(Supplied information Opens)
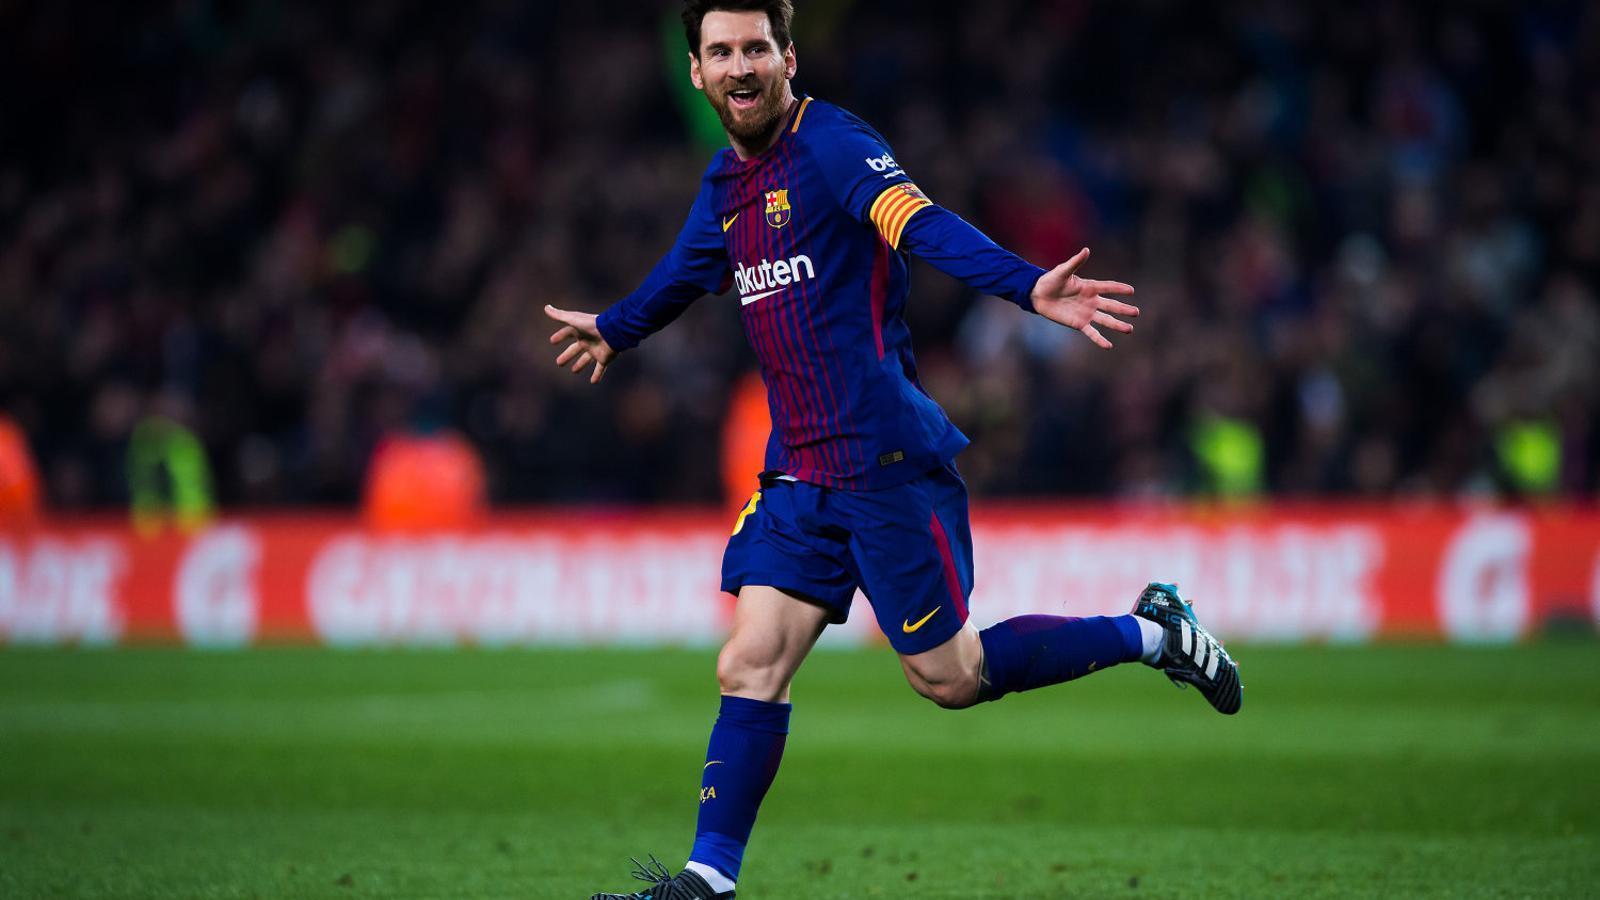 Messi celebrant el seu segon gol, marcat de falta amb un xut per sota la tanca defensiva dels jugadors gironins. Messi ja ha marcat contra els 19 rivals de la Primera Divisió.
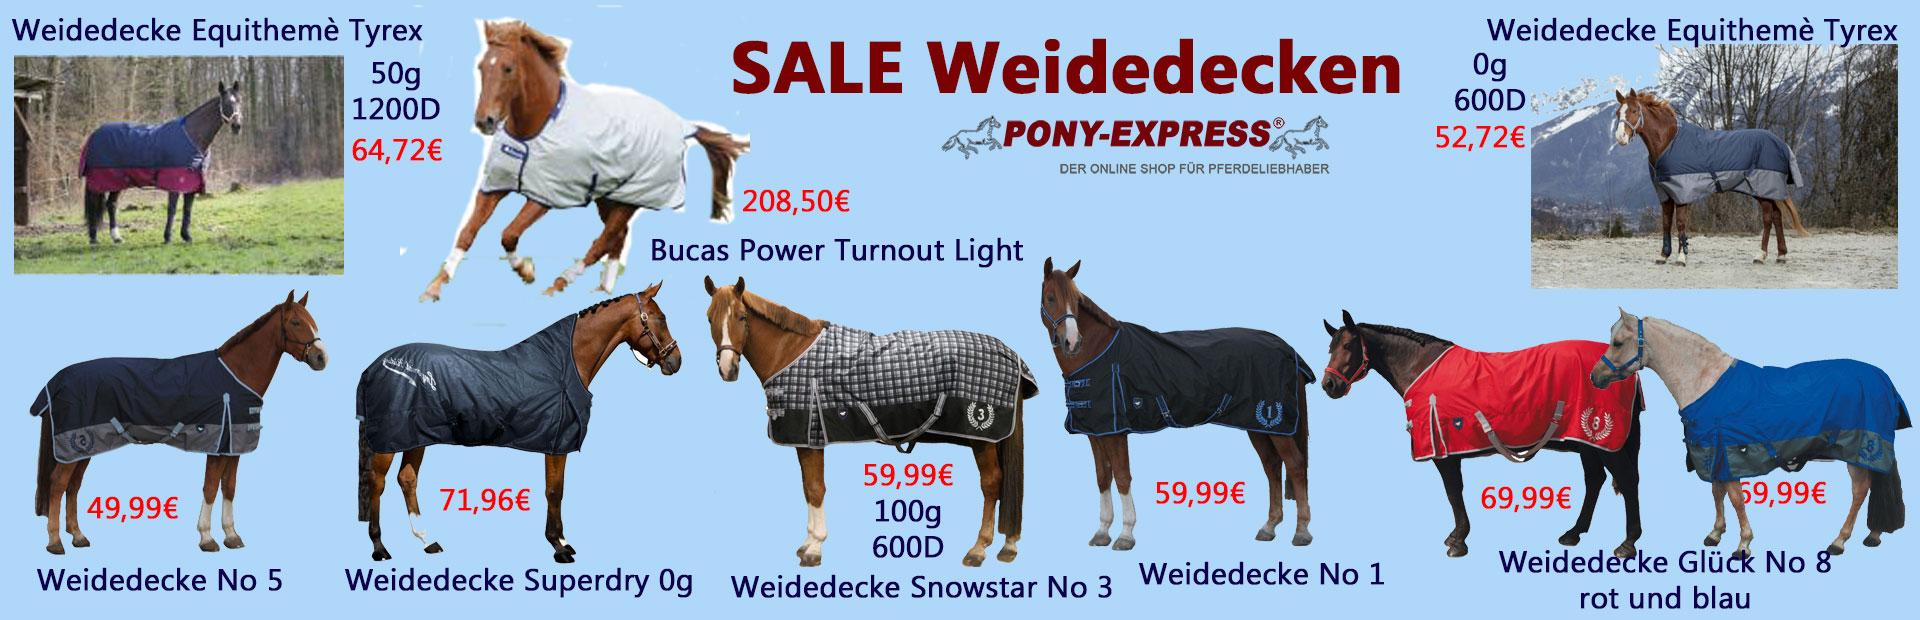 Weidedecken bei Pony-Express.de
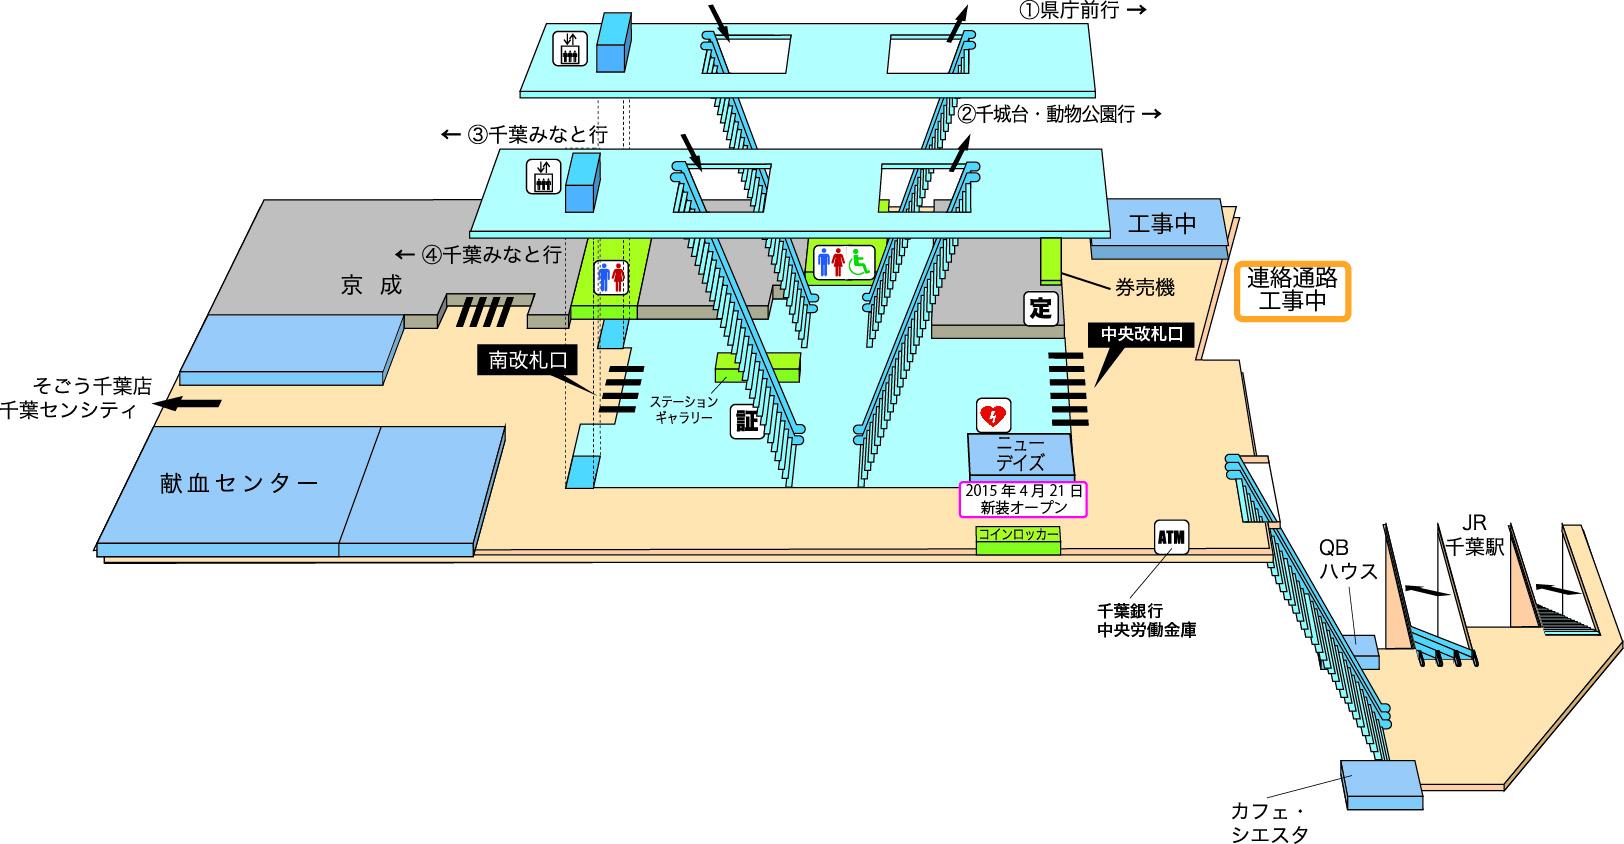 千葉駅構内図
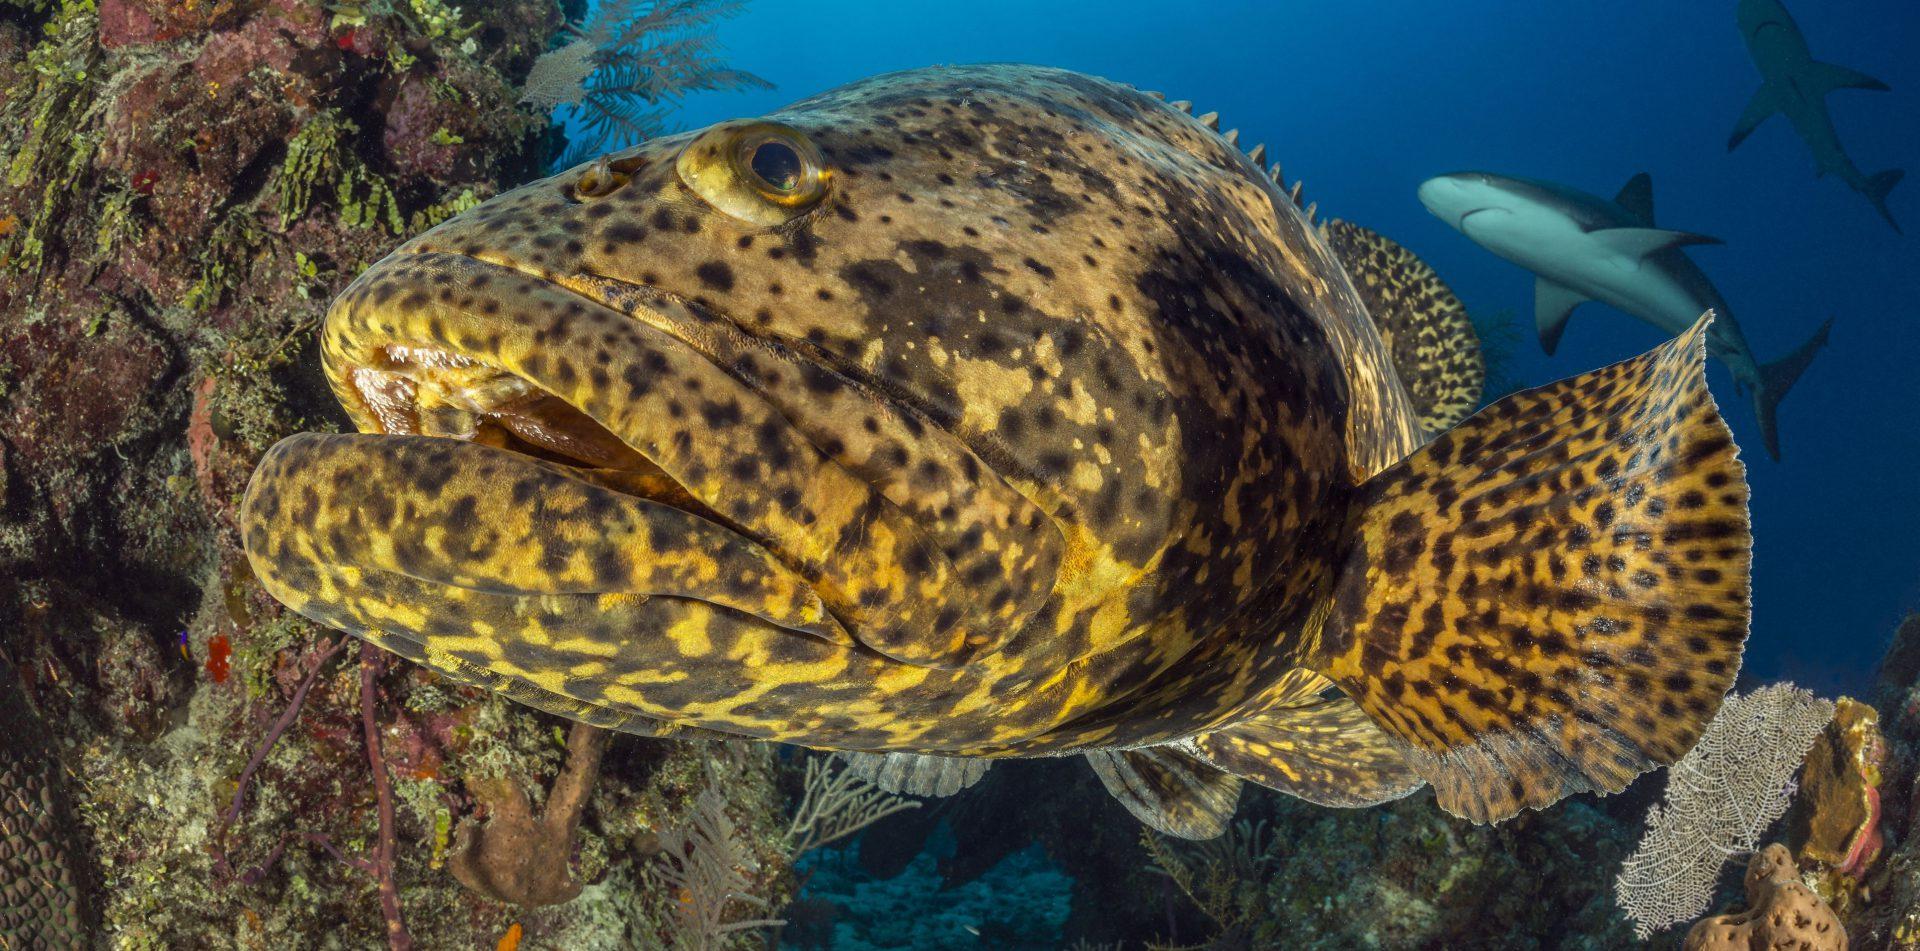 Kenali Keluarga Ikan Kerapu - Umpan
(Supplied information Closes)
## Requirement:
The needed output is the lines from the one with "Weidedecken bei Pony-Express.de" through the end of the listing, written out exactly, both ends included, pictures excluded.

## Task solution:
 Weidedecken bei Pony-Express.de
 千葉駅構内図
 Kenali Keluarga Ikan Kerapu - Umpan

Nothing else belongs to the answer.